## Required action
I need the lines from the one with "Auch der Sozialraum war gelb." through the end of the material, copied exactly and with nothing else included.

## Data for review

============================================================

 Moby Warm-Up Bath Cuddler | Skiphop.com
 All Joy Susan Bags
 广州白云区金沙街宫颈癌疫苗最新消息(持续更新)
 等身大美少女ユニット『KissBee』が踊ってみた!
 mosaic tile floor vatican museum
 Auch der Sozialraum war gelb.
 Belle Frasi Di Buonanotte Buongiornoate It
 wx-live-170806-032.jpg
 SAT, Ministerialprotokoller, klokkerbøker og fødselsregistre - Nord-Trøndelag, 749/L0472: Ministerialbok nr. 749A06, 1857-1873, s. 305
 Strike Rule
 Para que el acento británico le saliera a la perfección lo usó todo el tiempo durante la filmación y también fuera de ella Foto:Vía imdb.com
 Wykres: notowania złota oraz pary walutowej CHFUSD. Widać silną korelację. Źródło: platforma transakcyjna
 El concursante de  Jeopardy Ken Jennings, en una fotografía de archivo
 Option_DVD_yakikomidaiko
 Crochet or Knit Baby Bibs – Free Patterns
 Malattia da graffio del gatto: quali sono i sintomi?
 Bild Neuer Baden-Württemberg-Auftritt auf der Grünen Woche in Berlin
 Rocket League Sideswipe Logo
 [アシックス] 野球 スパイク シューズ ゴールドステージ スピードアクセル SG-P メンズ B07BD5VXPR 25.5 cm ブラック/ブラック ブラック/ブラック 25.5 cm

============================================================

## Answer to this problem
 Auch der Sozialraum war gelb.
 Belle Frasi Di Buonanotte Buongiornoate It
 wx-live-170806-032.jpg
 SAT, Ministerialprotokoller, klokkerbøker og fødselsregistre - Nord-Trøndelag, 749/L0472: Ministerialbok nr. 749A06, 1857-1873, s. 305
 Strike Rule
 Para que el acento británico le saliera a la perfección lo usó todo el tiempo durante la filmación y también fuera de ella Foto:Vía imdb.com
 Wykres: notowania złota oraz pary walutowej CHFUSD. Widać silną korelację. Źródło: platforma transakcyjna
 El concursante de  Jeopardy Ken Jennings, en una fotografía de archivo
 Option_DVD_yakikomidaiko
 Crochet or Knit Baby Bibs – Free Patterns
 Malattia da graffio del gatto: quali sono i sintomi?
 Bild Neuer Baden-Württemberg-Auftritt auf der Grünen Woche in Berlin
 Rocket League Sideswipe Logo
 [アシックス] 野球 スパイク シューズ ゴールドステージ スピードアクセル SG-P メンズ B07BD5VXPR 25.5 cm ブラック/ブラック ブラック/ブラック 25.5 cm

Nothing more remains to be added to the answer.